A limited but fully functional copy of this visual biofeedback program has been developed in the National Instruments LabVIEW programming environment. It is available for downloading and unrestricted private use at http://www.sierrabiotech.com
It is my hope that clinicians and biofeedback practitioners will use this program better than I have, that pulmonary mechanics researchers define optimal breathing patterns and the underlying mechanisms, and that behavioral scientists tell me why this program appears to work so well.
REFERENCES:
1.) Control of breathing in patients with chronic obstructive lung disease. J. Sorli, A. Grassino, G. Lorange, and J. Milic-Emile; Clinical Science and Molecular Medicine (1978), 54, 295-304.

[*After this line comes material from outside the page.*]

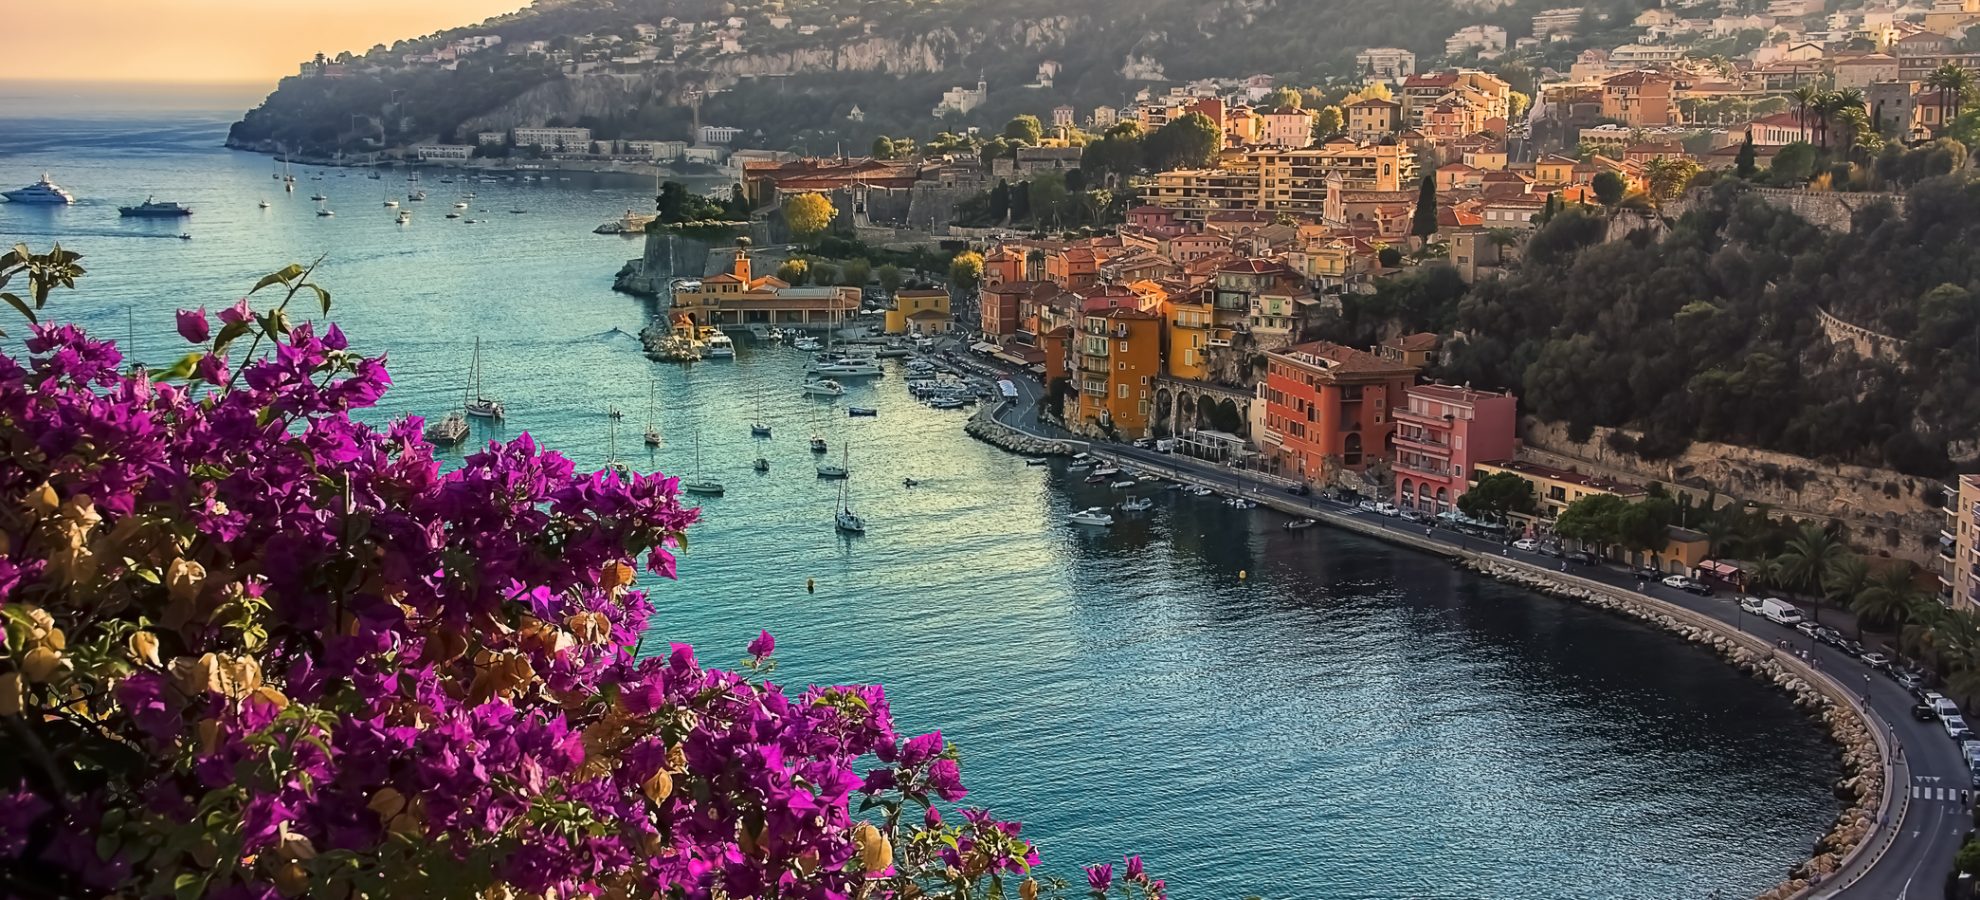 Coastline on the French Riviera with the small village - Villefranche Sur Mer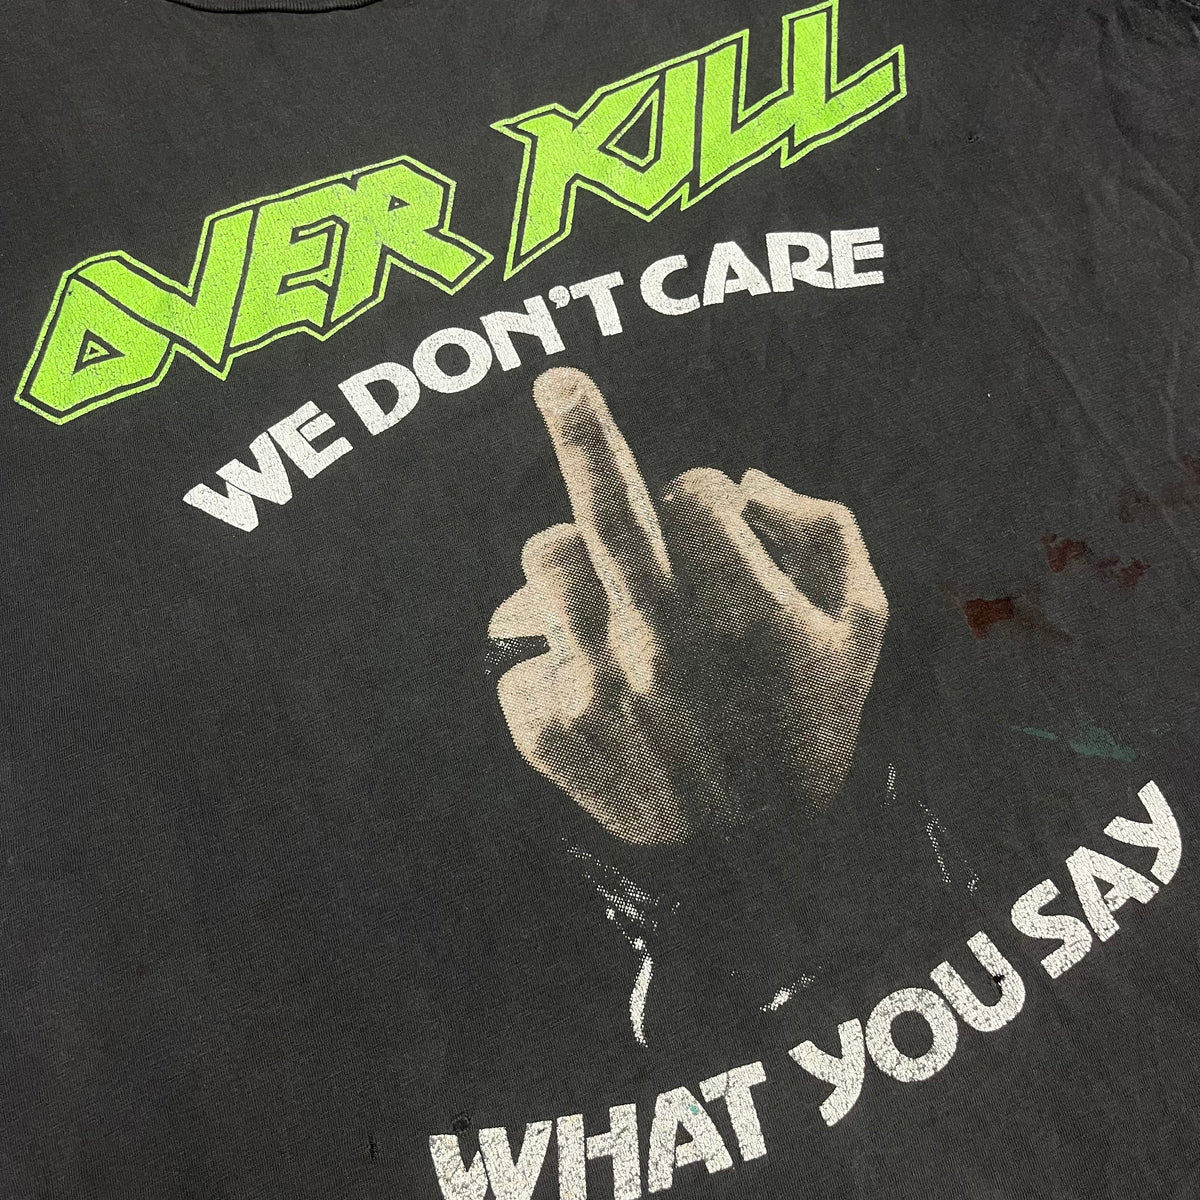 Vintage Overkill &quot;Christmas On Speed&quot; We Don&#39;t Care T-Shirt

2.) A Physiologic Evaluation of the Effects of Diaphragmatic Breathing Training in Patients with Chronic Pulmonary Emphysema. William F. Miller; American Journal of Medicine (1954), 17, 471-477.
3.) Physical Therapy Measures in the Treatment of Chronic Bronchopulmonary Disorders: Methods for Breathing Training. William F. Miller; American Journal of Medicine, (1958), 24, 929-940.
4.) Editorial: Overinflation. Macklem, Peter T.; American Review of Respiratory Disease, (1984), 129, 3-7
5.) A visual biofeedback method to define and teach breathing patterns. D. Hillsman; Biological Psychology (1996), 43, No.3, 261.
6.) Clinical experience with a visual biofeedback method in COPD rehabilitation. D. Hillsman; Biological Psychology (1996), 43, No.3, 243-244.
7.) A New Device for Pulmonary Rehabilitation Based on Visual Biofeedback: Principle and Methods. F. Esteve, N. Blanc-Gras, P. Baconnier, G. Benchetrit; Innovation and Technology in Biology and Medicine, (1994), 15, No.1, 10-19.
8. A New Device for Pulmonary Rehabilitation Based on Visual Biofeedback: -2- Computer
Program. N. Blanc-Gras, F. Esteve, P. Baconnier, G. Benchetrit; Innovation and Technology in
Biology and Medicine, (1994), 15, No.1, 20-32.